5. **Concatenate outputs** and write to disk incrementally.

## Notes

* This implementation is self-contained and depends only on `pandas` and `numpy`.
* All empty outputs are returned as `pd.Series(..., dtype="float64")` to ensure stable downstream behaviour.
* The demo dataset is small (n=100) and intended solely for illustrating the tokenisation pipeline.


In [3]:
# coding: utf-8
import pandas as pd
import numpy as np
from collections import OrderedDict
from pathlib import Path

# ========== 0. 路径设置 ==========
# 当前脚本所在目录（例如 ukbFound/examples/）；在 Notebook 中则使用当前工作目录
try:
    HERE = Path(__file__).resolve().parent
except NameError:
    HERE = Path.cwd()

# 仓库根目录，例如 ukbFound/
ROOT = HERE.parent
# data 目录，例如 ukbFound/data/
DATA_DIR = ROOT / "data"

print("HERE    :", HERE)
print("ROOT    :", ROOT)
print("DATA_DIR:", DATA_DIR)

# ========== 1. 加载 trait 词表 ==========
print("=== Step 1: Load trait vocabulary (ukb_traits.csv) ===")

# 关键改动：dtype=str，避免混合类型 DtypeWarning
traits_df = pd.read_csv(
    DATA_DIR / "ukb_traits.csv",
    encoding="latin1",
    quotechar='"',
    dtype=str,
)

print(f"Loaded traits_df with {traits_df.shape[0]} rows and {traits_df.shape[1]} columns.")

file_path = DATA_DIR / "demo_UKB_data.csv"
output_file = DATA_DIR / "demo_UKB_tokens.csv"
missing_field_file = DATA_DIR / "missing_field_id.csv"
print(f"Input UKB file   : {file_path}")
print(f"Output token file: {output_file}")
print(f"Missing-field log: {missing_field_file}")

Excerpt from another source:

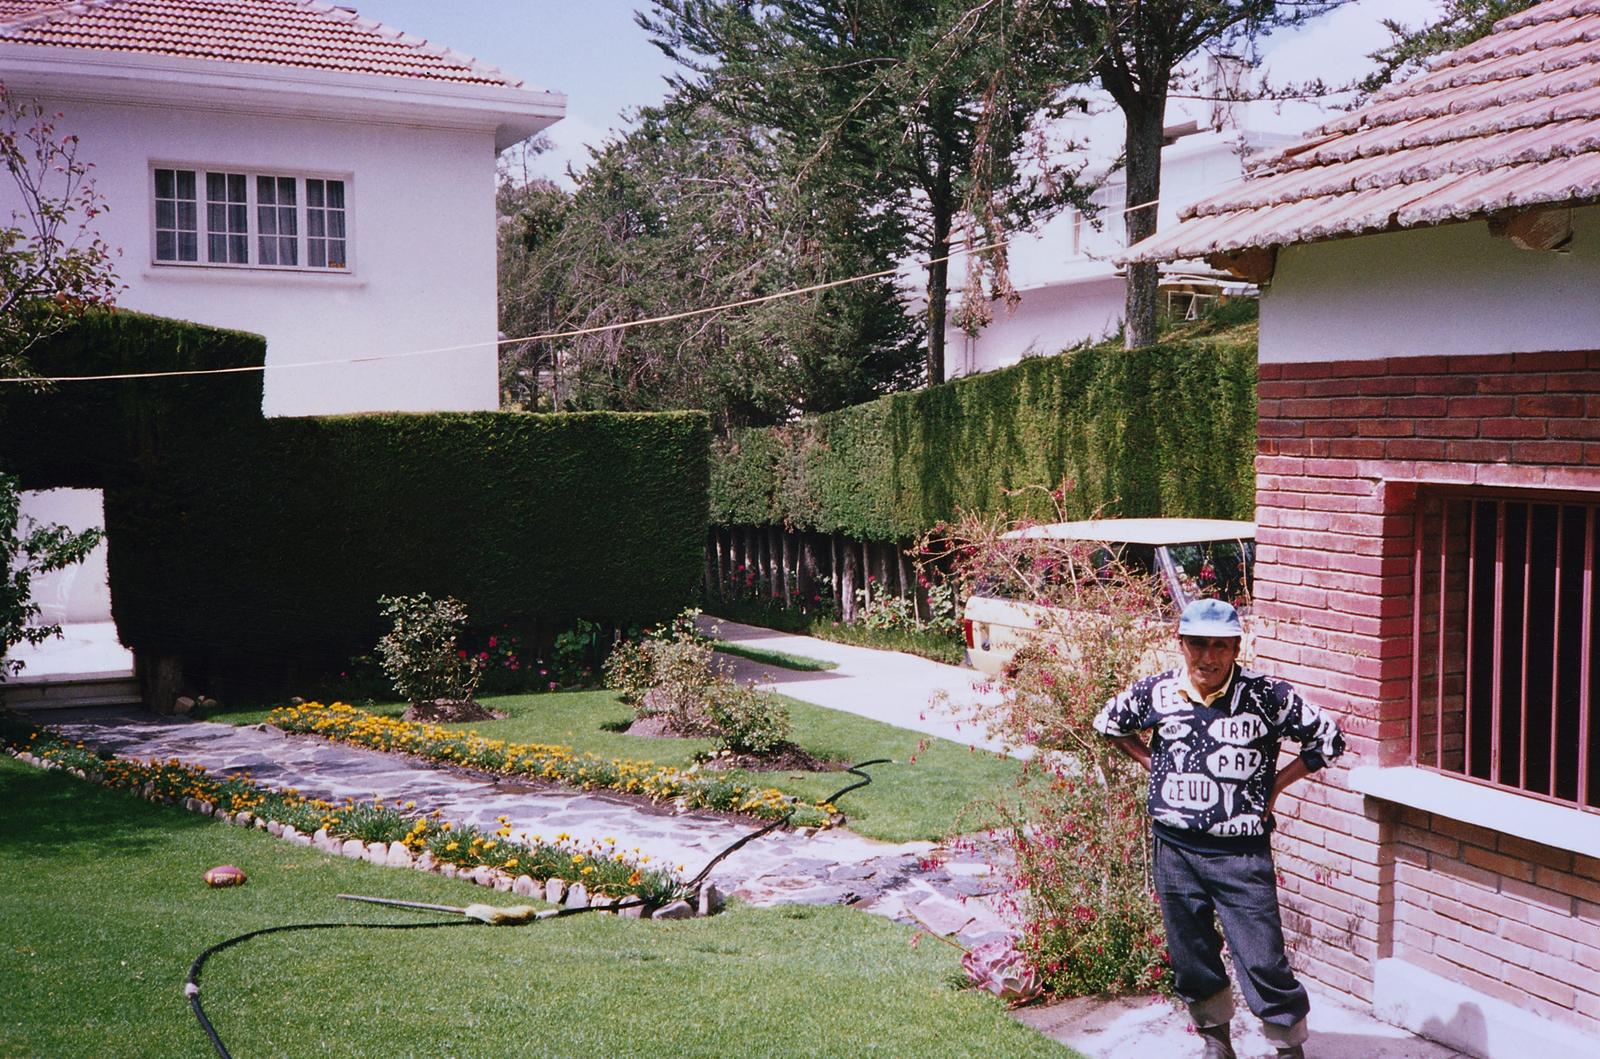 La Paz - Executive Level Position Residence - 1992

# ========== 1.1 工具函数：统一字符串表示 ==========
def convert_and_strip(value):
    if pd.isna(value):
        return np.nan
    # dtype=str 已保证是字符串，这里保守兼容 float/int
    if isinstance(value, float) and value.is_integer():
        return str(int(value))
    return str(value).strip()

print("Converting selected columns in traits_df to string representation ...")

traits_df["field_id"] = traits_df["field_id"].map(convert_and_strip)
traits_df["value_type"] = traits_df["value_type"].map(convert_and_strip)
traits_df["value"] = traits_df["value"].map(convert_and_strip)
if "trait" in traits_df.columns:
    traits_df["trait"] = traits_df["trait"].map(convert_and_strip)
if "token" in traits_df.columns:
    traits_df["token"] = traits_df["token"].map(str)
if "meaning" in traits_df.columns:
    traits_df["meaning"] = traits_df["meaning"].map(str)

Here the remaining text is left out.